Please repeat the lines below exactly. Begin with the line containing "Felliner Blätter (1859)" and go on through the line containing "IS61LV5128AL-10TLI, ISSI RAM, 512K×8".

Stored dataset items

• • •

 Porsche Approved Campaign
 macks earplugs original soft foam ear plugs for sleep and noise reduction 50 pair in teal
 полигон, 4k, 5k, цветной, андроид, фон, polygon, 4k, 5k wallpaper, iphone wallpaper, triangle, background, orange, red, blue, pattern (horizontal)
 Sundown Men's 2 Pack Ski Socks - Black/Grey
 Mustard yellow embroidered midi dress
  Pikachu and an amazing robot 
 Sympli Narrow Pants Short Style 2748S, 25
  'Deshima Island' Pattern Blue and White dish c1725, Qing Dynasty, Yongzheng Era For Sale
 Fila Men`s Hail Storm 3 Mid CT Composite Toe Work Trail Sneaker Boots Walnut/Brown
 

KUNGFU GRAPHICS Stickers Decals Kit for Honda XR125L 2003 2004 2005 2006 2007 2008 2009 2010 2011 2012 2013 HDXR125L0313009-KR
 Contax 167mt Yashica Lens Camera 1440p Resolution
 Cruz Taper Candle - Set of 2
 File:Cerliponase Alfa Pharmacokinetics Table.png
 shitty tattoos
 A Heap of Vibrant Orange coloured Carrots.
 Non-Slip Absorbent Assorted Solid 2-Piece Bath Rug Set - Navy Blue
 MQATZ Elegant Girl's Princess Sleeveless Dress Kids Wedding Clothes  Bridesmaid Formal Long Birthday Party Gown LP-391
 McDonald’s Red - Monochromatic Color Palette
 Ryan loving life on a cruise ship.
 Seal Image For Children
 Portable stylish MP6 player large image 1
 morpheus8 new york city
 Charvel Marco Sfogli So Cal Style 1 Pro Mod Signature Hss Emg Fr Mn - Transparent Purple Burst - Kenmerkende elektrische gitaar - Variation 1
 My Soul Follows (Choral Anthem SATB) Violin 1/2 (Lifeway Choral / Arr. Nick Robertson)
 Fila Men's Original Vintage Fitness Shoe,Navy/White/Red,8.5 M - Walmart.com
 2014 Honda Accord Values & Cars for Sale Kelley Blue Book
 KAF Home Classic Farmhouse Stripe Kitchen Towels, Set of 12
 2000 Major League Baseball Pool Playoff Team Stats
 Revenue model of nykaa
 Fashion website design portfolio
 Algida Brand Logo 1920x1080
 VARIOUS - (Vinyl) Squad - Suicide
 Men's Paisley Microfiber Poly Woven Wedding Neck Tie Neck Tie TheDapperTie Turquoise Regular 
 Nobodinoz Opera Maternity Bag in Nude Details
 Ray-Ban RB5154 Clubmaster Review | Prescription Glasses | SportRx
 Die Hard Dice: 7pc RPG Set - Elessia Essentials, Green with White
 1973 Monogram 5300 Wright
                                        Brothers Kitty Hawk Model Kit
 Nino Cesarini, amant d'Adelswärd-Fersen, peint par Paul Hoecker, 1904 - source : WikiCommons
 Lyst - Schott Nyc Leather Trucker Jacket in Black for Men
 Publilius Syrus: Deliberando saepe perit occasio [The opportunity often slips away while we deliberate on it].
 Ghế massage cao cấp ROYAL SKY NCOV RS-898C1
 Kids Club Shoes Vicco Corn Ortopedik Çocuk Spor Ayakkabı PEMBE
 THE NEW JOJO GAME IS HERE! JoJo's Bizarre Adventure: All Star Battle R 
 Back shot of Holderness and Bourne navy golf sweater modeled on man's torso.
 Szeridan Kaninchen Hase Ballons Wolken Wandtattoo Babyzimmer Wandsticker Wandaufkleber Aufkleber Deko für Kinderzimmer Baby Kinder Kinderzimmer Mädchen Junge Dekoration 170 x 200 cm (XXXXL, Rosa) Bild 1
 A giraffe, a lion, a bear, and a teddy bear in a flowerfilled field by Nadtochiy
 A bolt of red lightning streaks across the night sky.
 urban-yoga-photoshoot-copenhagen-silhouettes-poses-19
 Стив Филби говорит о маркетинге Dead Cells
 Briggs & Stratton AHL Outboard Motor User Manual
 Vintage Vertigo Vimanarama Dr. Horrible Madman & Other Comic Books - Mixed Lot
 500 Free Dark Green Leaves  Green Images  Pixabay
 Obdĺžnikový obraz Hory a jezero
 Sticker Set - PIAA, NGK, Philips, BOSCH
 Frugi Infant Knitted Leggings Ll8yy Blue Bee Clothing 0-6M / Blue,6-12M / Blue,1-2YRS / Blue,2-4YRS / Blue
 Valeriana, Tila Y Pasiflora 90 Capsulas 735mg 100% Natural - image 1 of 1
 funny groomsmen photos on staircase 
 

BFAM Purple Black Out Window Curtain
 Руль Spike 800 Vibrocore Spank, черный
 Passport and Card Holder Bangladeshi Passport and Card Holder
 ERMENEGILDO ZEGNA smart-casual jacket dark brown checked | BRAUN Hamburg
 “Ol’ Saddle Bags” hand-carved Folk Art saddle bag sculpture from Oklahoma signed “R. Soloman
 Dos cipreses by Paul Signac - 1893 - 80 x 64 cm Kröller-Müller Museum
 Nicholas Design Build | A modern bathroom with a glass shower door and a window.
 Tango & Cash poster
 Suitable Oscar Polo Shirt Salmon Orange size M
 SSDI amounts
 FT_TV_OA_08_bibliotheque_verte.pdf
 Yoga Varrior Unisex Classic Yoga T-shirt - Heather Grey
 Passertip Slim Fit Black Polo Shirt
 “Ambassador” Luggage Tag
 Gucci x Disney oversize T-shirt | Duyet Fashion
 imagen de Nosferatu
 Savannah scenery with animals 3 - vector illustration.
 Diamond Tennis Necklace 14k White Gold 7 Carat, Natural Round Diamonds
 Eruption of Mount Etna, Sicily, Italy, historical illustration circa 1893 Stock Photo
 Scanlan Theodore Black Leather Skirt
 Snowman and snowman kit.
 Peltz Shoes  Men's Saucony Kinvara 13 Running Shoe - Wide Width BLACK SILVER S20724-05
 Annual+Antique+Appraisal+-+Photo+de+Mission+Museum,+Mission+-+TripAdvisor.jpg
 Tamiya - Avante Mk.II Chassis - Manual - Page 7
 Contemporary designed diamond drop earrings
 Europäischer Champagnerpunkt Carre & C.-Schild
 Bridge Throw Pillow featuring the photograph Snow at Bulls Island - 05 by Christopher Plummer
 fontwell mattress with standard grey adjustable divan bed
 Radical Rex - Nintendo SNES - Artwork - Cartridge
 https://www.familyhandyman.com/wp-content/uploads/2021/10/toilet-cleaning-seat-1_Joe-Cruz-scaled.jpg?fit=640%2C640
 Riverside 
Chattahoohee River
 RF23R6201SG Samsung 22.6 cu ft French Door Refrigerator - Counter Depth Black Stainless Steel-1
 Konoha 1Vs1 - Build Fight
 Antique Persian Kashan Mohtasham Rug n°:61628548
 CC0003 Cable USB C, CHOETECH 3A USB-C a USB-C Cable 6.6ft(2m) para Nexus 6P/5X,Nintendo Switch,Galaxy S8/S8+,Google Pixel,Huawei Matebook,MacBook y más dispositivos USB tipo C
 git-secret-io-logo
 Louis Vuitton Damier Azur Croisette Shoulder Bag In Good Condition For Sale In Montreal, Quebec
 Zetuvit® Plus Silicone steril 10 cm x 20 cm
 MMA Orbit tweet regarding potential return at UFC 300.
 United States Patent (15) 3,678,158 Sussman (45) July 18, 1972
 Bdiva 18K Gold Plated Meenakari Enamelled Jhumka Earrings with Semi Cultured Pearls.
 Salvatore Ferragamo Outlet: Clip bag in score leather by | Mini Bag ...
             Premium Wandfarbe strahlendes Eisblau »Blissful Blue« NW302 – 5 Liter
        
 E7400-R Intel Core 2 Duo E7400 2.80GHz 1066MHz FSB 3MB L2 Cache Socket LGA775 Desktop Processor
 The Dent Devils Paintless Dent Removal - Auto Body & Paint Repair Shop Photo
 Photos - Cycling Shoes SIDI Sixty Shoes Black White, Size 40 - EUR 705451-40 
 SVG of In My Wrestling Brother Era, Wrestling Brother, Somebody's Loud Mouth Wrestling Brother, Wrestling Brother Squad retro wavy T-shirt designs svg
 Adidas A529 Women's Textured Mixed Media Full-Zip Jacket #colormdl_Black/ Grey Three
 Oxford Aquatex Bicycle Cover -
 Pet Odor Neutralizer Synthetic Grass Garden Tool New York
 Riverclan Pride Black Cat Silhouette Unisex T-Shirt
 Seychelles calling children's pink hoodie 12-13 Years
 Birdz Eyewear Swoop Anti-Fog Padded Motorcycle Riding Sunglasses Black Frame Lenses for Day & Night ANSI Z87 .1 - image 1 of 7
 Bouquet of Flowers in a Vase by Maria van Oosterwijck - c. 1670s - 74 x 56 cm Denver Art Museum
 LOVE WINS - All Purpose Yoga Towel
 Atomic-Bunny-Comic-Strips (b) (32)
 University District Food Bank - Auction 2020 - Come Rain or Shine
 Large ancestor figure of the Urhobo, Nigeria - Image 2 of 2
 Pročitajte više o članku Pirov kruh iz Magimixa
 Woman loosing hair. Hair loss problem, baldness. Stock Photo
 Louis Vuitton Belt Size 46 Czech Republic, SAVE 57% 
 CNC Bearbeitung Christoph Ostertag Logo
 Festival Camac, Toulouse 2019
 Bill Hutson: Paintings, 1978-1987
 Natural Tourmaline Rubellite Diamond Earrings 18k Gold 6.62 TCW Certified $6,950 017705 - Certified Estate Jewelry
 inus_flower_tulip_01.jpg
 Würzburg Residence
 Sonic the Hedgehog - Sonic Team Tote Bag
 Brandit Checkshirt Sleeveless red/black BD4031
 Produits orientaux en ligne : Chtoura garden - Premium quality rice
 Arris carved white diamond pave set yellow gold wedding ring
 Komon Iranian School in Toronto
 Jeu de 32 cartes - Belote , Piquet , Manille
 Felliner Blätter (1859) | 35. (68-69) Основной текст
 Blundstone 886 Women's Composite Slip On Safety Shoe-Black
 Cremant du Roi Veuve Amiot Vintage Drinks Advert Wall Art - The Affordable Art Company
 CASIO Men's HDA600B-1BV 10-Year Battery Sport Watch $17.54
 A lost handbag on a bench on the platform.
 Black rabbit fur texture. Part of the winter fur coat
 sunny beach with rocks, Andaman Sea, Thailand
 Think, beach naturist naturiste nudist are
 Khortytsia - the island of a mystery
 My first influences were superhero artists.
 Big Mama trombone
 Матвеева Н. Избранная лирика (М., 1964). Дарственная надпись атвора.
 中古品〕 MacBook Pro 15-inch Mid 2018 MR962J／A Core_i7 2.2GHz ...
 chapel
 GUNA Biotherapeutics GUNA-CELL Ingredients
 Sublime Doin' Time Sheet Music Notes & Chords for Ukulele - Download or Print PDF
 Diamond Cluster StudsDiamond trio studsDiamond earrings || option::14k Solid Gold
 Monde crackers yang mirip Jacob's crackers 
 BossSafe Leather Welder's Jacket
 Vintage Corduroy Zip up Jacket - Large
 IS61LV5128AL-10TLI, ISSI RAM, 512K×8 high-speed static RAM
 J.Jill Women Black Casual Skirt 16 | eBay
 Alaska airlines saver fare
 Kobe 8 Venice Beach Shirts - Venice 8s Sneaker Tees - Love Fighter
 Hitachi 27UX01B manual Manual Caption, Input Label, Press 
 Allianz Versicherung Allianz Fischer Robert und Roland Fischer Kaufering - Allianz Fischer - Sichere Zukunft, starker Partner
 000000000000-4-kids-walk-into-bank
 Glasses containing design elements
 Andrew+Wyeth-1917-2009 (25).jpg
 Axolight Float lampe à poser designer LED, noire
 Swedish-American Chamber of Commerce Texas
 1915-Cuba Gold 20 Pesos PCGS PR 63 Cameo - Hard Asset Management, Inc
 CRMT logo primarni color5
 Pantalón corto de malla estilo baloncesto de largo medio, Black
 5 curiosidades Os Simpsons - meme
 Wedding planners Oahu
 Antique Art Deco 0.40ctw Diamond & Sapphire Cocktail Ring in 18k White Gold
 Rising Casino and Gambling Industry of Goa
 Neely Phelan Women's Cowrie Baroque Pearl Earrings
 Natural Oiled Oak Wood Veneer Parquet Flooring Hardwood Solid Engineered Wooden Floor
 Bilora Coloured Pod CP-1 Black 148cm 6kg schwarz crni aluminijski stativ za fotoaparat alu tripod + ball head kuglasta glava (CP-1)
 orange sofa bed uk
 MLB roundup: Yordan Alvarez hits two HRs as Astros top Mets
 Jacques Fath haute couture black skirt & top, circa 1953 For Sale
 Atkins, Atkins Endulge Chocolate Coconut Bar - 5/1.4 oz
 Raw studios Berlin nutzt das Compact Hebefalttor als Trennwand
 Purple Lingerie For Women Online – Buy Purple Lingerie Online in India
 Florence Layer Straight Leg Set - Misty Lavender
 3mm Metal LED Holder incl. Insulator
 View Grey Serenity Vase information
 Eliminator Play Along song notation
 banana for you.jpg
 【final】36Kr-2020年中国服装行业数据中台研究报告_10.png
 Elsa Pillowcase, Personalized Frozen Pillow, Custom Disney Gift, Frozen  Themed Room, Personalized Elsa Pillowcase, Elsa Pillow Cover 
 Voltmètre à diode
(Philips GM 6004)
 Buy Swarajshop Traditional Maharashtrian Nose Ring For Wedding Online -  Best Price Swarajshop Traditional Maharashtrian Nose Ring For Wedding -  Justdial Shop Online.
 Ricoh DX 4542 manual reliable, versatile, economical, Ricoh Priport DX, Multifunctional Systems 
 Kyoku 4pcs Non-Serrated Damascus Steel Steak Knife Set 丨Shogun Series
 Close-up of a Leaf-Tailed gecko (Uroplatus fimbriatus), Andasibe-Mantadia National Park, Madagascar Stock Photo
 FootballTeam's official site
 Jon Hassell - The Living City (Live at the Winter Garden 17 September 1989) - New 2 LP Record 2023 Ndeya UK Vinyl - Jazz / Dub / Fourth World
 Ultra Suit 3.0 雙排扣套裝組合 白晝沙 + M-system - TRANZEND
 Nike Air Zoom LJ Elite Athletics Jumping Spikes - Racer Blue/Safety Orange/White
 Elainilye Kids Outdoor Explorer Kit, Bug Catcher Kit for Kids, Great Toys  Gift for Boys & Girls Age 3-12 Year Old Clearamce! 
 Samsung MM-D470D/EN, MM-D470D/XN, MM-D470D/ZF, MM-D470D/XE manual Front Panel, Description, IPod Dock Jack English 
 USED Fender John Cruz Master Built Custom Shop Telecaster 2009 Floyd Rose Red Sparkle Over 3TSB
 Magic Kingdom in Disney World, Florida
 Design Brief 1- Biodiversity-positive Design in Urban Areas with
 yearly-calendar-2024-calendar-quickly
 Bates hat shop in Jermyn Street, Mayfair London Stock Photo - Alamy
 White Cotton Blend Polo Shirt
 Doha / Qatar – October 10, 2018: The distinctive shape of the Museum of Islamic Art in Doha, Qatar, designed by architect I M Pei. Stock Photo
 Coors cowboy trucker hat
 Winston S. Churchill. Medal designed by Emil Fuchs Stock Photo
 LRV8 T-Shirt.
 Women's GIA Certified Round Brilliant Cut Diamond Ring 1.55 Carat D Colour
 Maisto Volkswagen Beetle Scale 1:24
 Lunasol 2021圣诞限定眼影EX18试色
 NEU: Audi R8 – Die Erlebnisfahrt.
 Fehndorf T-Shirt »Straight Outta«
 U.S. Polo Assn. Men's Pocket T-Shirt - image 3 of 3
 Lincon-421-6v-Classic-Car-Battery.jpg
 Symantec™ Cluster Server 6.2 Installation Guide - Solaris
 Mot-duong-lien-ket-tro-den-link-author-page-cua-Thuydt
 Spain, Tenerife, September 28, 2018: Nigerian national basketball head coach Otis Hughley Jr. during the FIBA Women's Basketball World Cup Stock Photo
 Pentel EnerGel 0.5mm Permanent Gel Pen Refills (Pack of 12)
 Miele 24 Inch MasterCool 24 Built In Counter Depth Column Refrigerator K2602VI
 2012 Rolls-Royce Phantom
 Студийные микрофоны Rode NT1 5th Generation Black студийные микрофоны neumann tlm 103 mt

• • •

◆ Expected output
 Felliner Blätter (1859) | 35. (68-69) Основной текст
 Blundstone 886 Women's Composite Slip On Safety Shoe-Black
 Cremant du Roi Veuve Amiot Vintage Drinks Advert Wall Art - The Affordable Art Company
 CASIO Men's HDA600B-1BV 10-Year Battery Sport Watch $17.54
 A lost handbag on a bench on the platform.
 Black rabbit fur texture. Part of the winter fur coat
 sunny beach with rocks, Andaman Sea, Thailand
 Think, beach naturist naturiste nudist are
 Khortytsia - the island of a mystery
 My first influences were superhero artists.
 Big Mama trombone
 Матвеева Н. Избранная лирика (М., 1964). Дарственная надпись атвора.
 中古品〕 MacBook Pro 15-inch Mid 2018 MR962J／A Core_i7 2.2GHz ...
 chapel
 GUNA Biotherapeutics GUNA-CELL Ingredients
 Sublime Doin' Time Sheet Music Notes & Chords for Ukulele - Download or Print PDF
 Diamond Cluster StudsDiamond trio studsDiamond earrings || option::14k Solid Gold
 Monde crackers yang mirip Jacob's crackers 
 BossSafe Leather Welder's Jacket
 Vintage Corduroy Zip up Jacket - Large
 IS61LV5128AL-10TLI, ISSI RAM, 512K×8 high-speed static RAM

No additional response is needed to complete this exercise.